A couple of good movies: “No”, on the Pinochet referendum campaign, with its ambivalent, subtle take on social and political change, and “The Queen of Versailles”, a documentary on a ridiculous and ridiculously wealthy American family going through hard times. I’d recommend “Gravity”, but I doubt it needs recommendation. I also enjoyed the genre mix of the British TV version of “Life on Mars”, and the silliness of “Archer”. As for music, I liked the bassy intensity of Savages’ “Silence Yourself”, and Chris Thile’s album of Bach’s sonatas and partitas played on the mandolin.

I was able to run again, injury-free, throughout the year, largely thanks to daily (and initially painful) stretches on a foam roller. It’s such an unassuming, cheap, yet useful accessory. I must have tasted every olive oil and balsamic vinegar at Olive the Senses half a dozen times (and if you are in Victoria you should, too). Finally, while I’ve been intimidated by electronic tinkering almost all my life, the Arduino Experimenter Kit was a very straightforward way to get me started on designing circuits and devices (and check out node-ardx, a great resource to go through the experimenter kit exercises using Node).

That’s it. Happy New Year!

(Previously: 2012, 2011, 2010, 2009)

Recommendations from 2012

The year wraps up, and I’d like to share a batch of recommendations for stuff I enjoyed in 2012.

First, books.
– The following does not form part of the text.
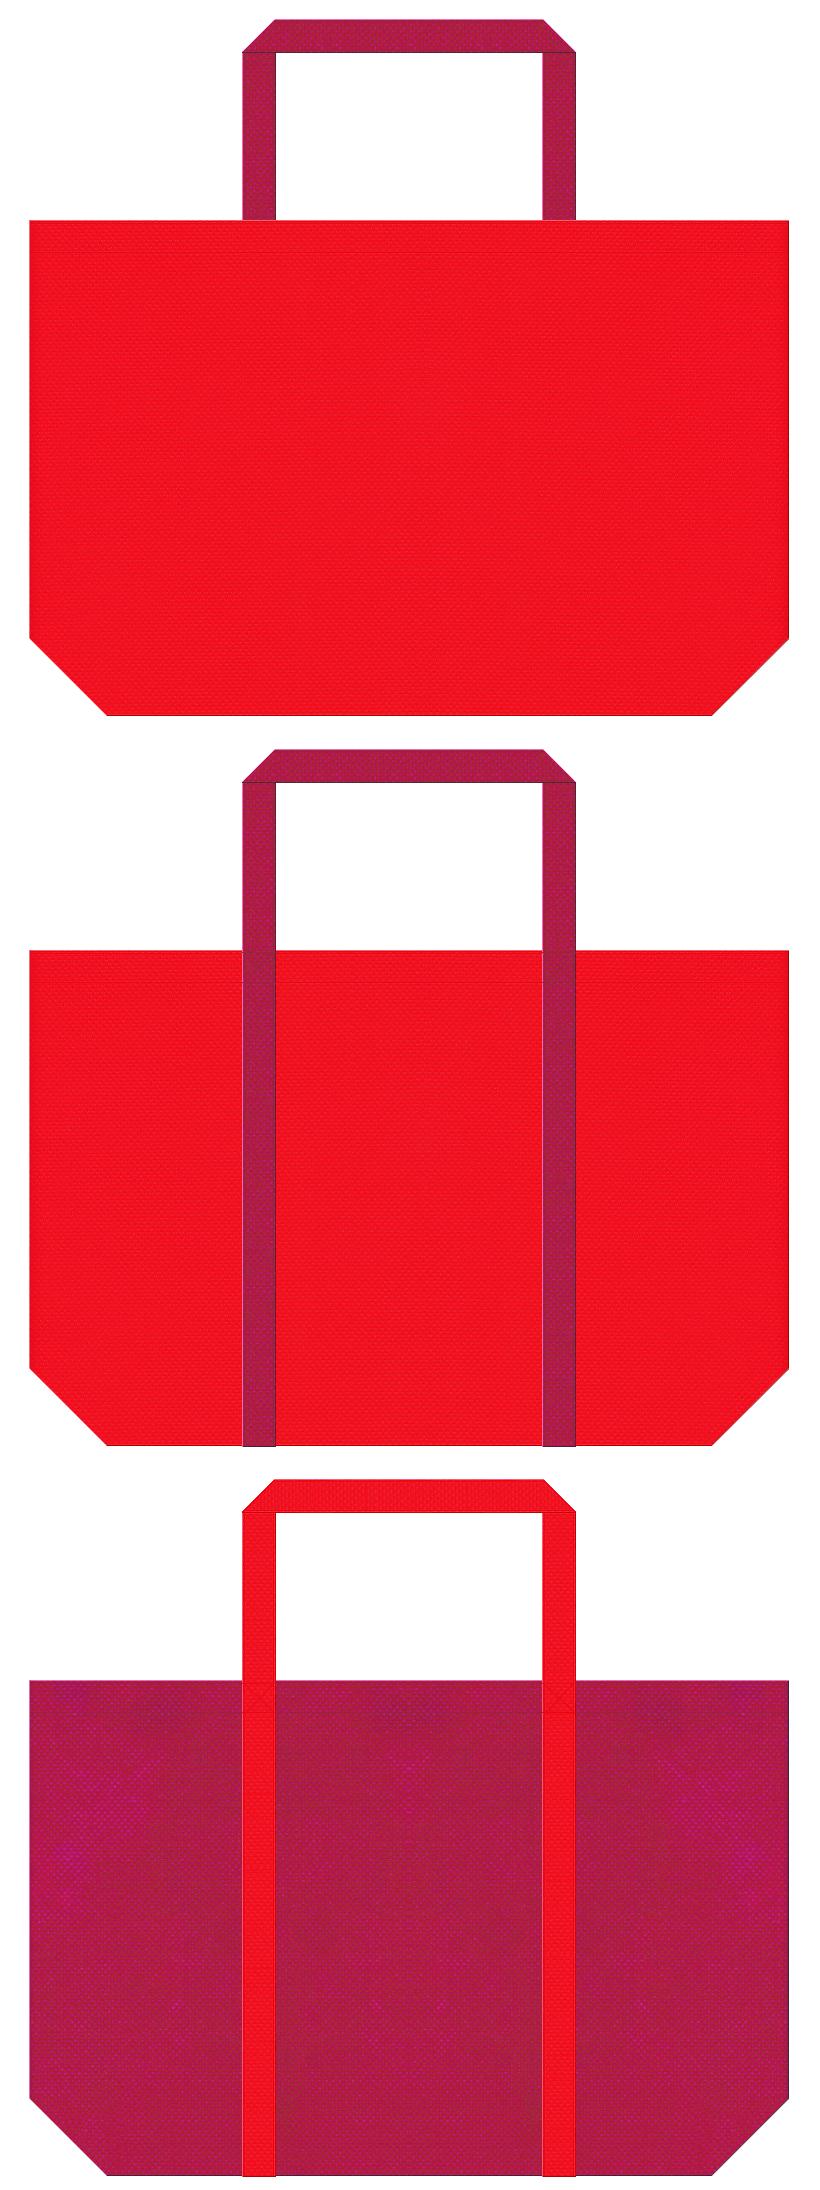 祇園・舞妓・絢爛・花吹雪・茶会・和傘・邦楽演奏会・和風催事・観光・お祭り・法被・お正月・福袋にお奨めの不織布バッグデザイン:赤色と濃いピンク色のコーデ

I simply loved Semple’s “Where’d You Go, Bernadette?”. I was expecting it to be funny, but I was surprised to discover it was also clever and humane. Though I usually dislike books about drunkards or addicts, deWitt’s “Ablutions” was fresh and very, very good—after this and “The Sisters Brothers” I’m platonically in love with him. Ford’s “Canada”, a novel about a kind young soul growing among adults that can’t help but bring destruction on themselves, is written with wisdom and skill. Spufford’s “Red Plenty”, an extremely multithreaded novel about communist Russia’s central planning, was not great, but I still appreciated its ambition and originality.

As for non-fiction, I found Lucretius’ “On the Nature of Things” to be awe-inspiring: at times it would seem as if all of modern science had only worked on relatively minor corrections of his understanding of the world, while ignoring his impassioned claim that the whole point of these endeavours is to bring inner peace to humankind. Berger and Luckmann’s “The Social Construction of Reality” was wonderfully compelling, lucid, and witty. It is the book I wish I’d read at the start of my doctoral work. For something lighter, Glouberman and Heti’s “The Chairs Are Where the People Go” is an endearing and frank collection of micro-essays.

I had a good year with books in Spanish, too. The slightly unhinged lovers of Pauls’ “El Pasado” spiral down to disaster with exquisite prose. Borges’ collection of lectures, “Siete Noches”, is a touching display of his brilliance and kindness, and “Los Conjurados”, his collection of late poems, is concerned with history, transcendence, insignificance, and lives lived nobly and simply. Krauze’s trilogy of Mexican history (“Siglo de Caudillos”, “Biografía del Poder”, and “La Presidencia Imperial”) is captivating and often lyrical, although his main thesis—that Mexican history to a large extent can be reduced to and explained by the biographies of its leaders—loses strength as Mexico approaches the present time.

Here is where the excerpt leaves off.